REQUIRED WORK: The answer should hold only the lines from the one containing "La Seine et" through the one containing "Distorção das câmeras" in the entries below, copied exactly, without pictures.

STORED DATA:
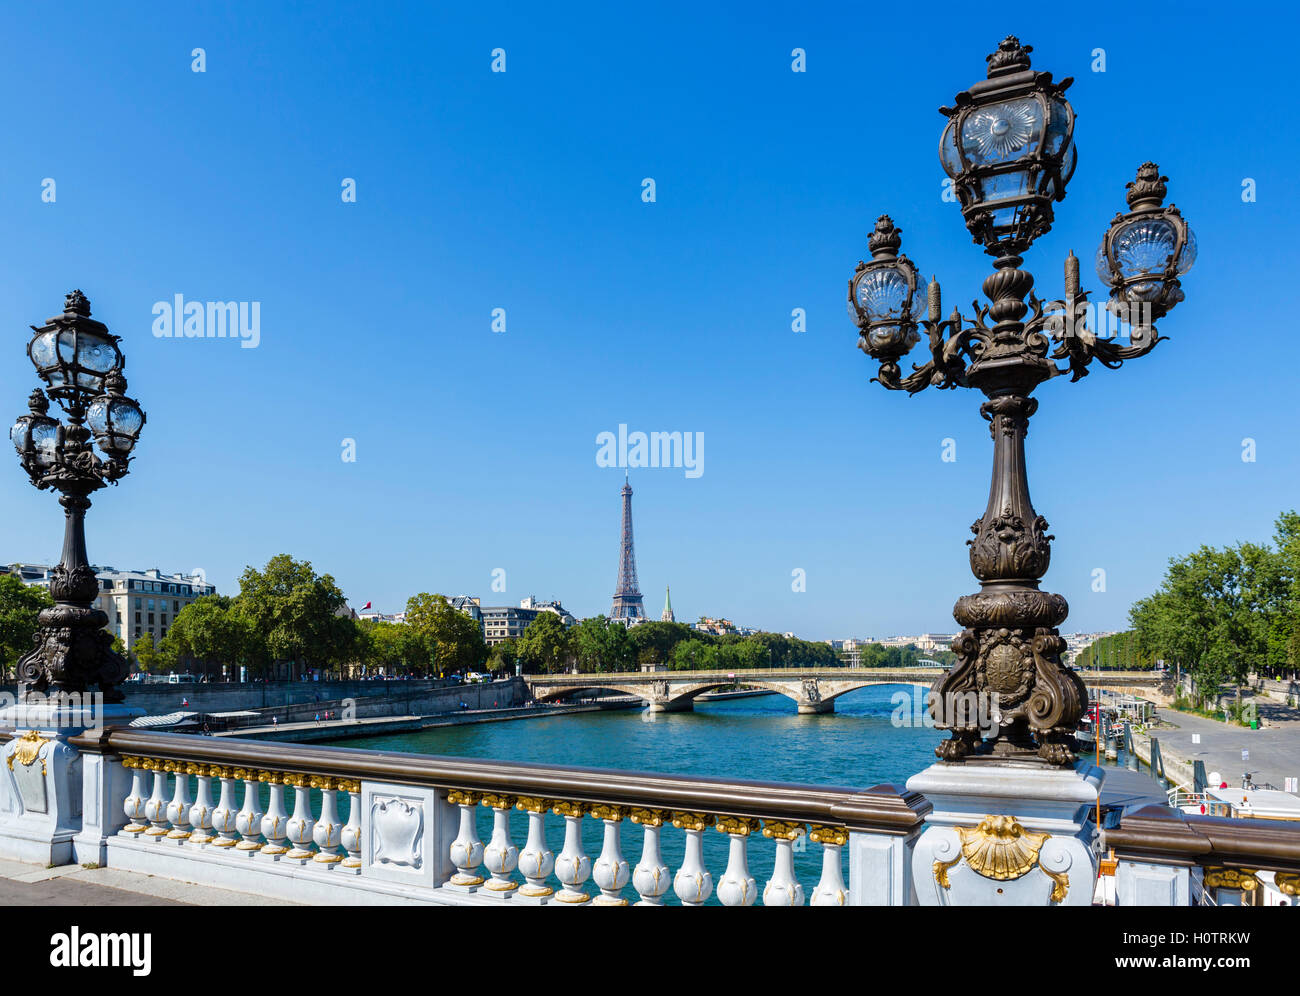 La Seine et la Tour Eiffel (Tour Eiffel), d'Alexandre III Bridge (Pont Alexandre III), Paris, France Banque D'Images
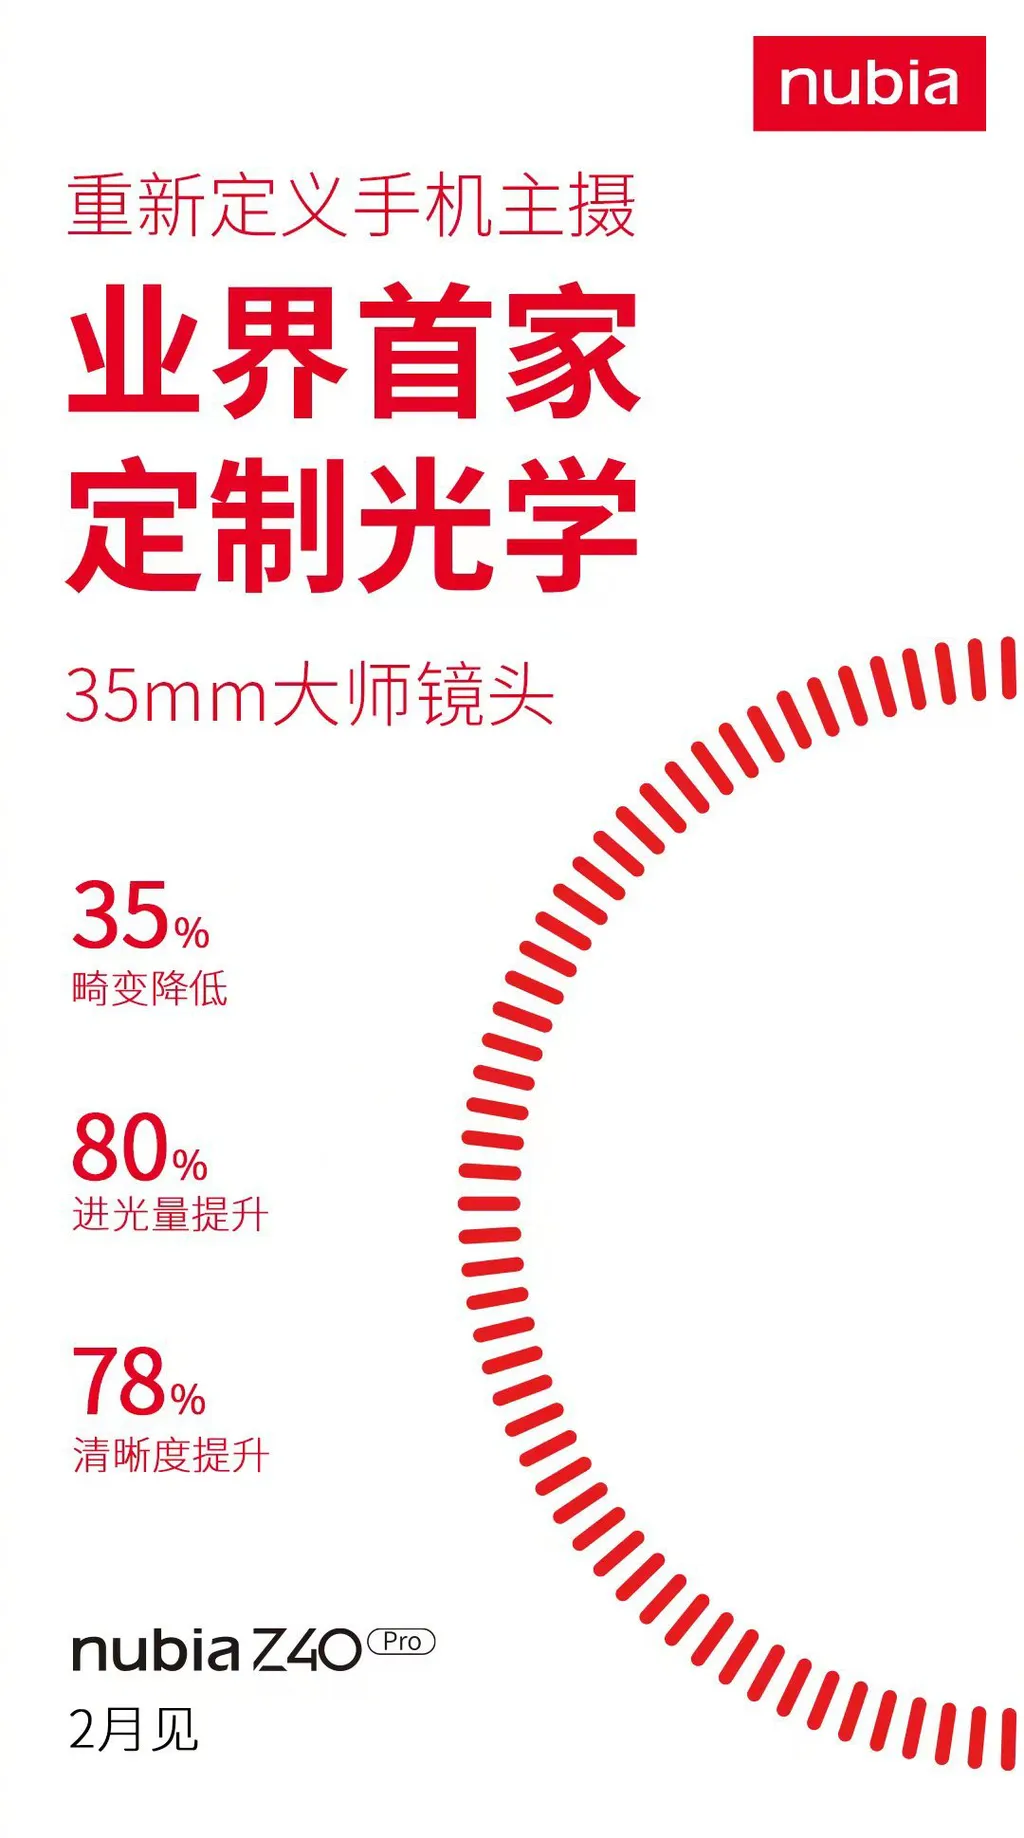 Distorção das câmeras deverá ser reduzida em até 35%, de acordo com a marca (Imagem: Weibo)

---

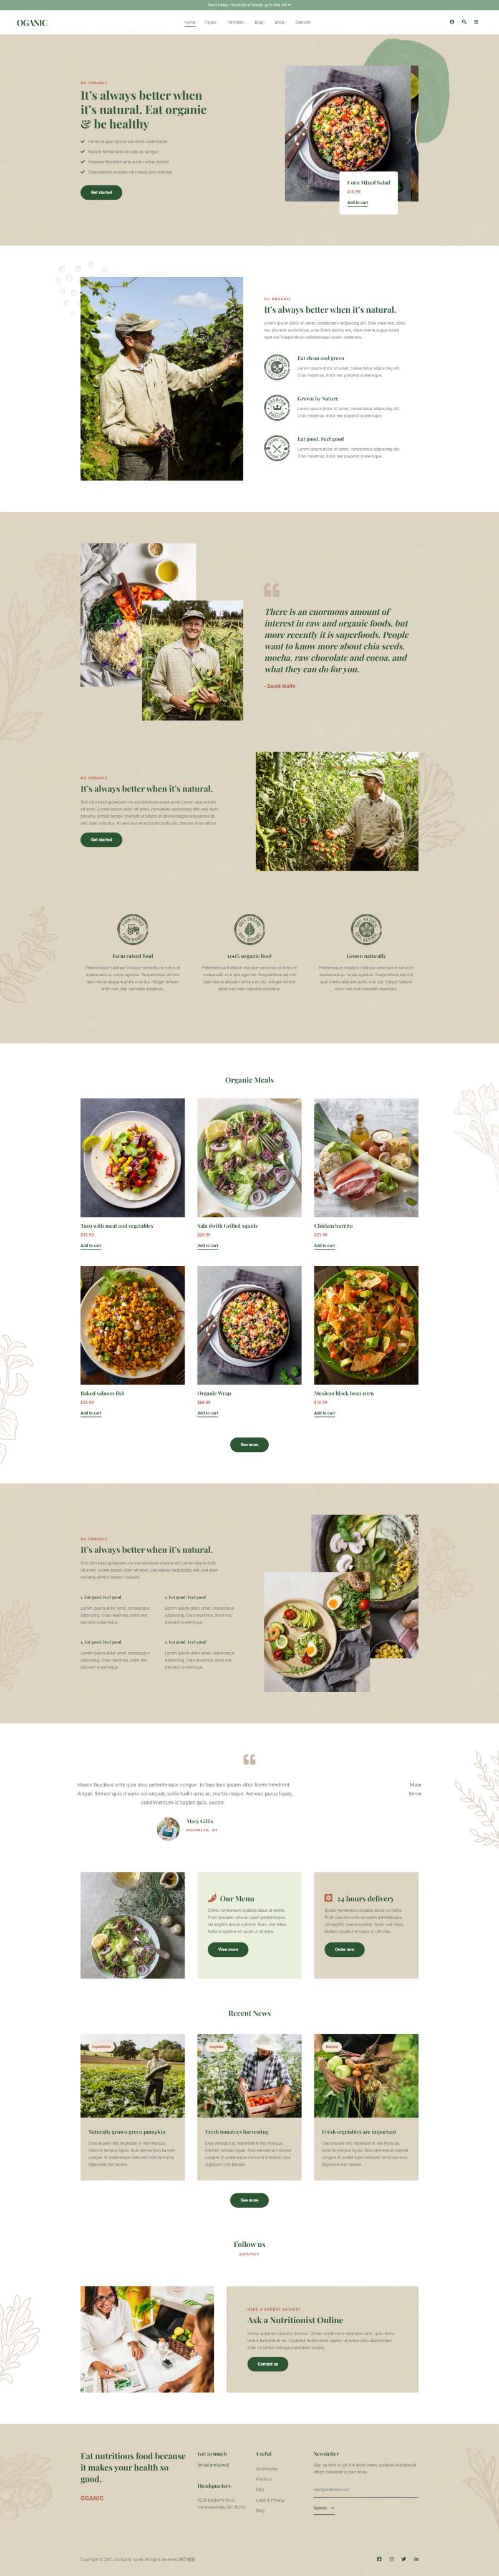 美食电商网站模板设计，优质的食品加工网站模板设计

--

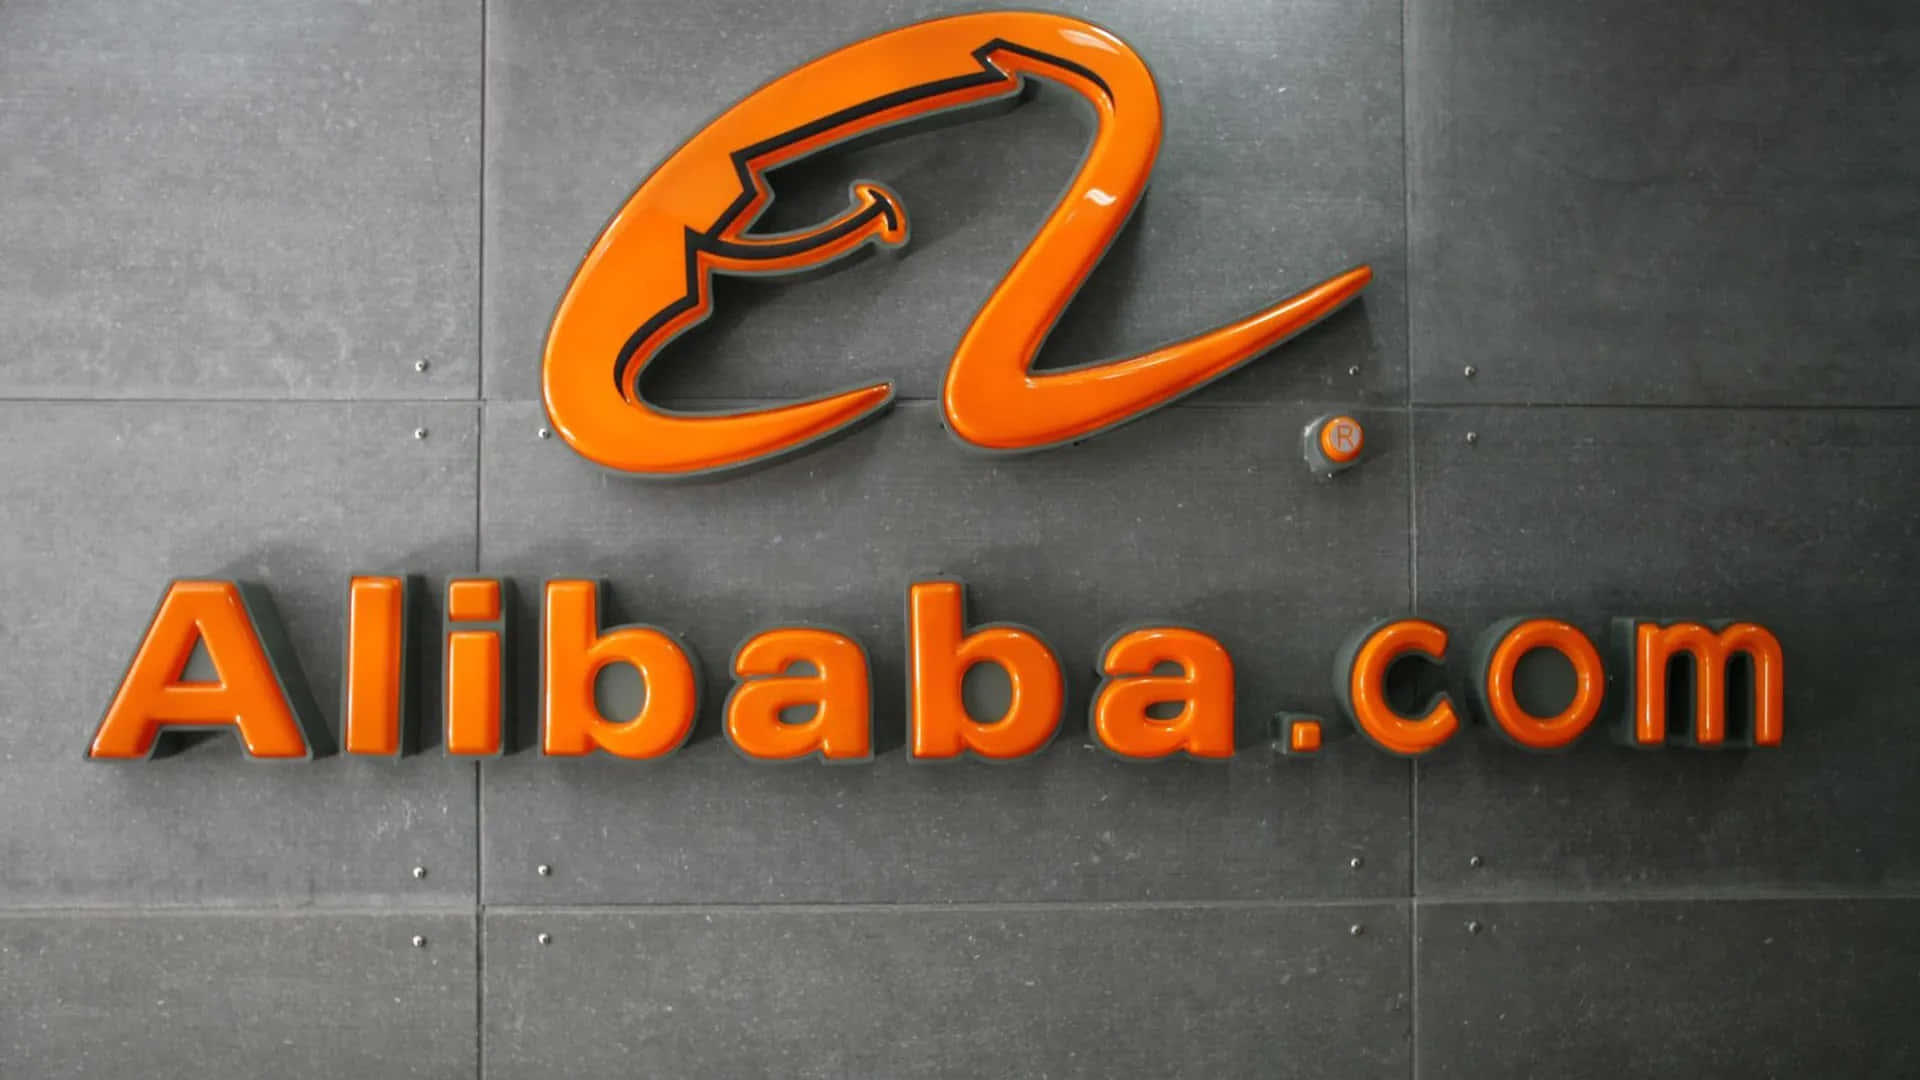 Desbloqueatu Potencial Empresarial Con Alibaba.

FINISHED EXERCISE:
 La Seine et la Tour Eiffel (Tour Eiffel), d'Alexandre III Bridge (Pont Alexandre III), Paris, France Banque D'Images
 Distorção das câmeras deverá ser reduzida em até 35%, de acordo com a marca (Imagem: Weibo)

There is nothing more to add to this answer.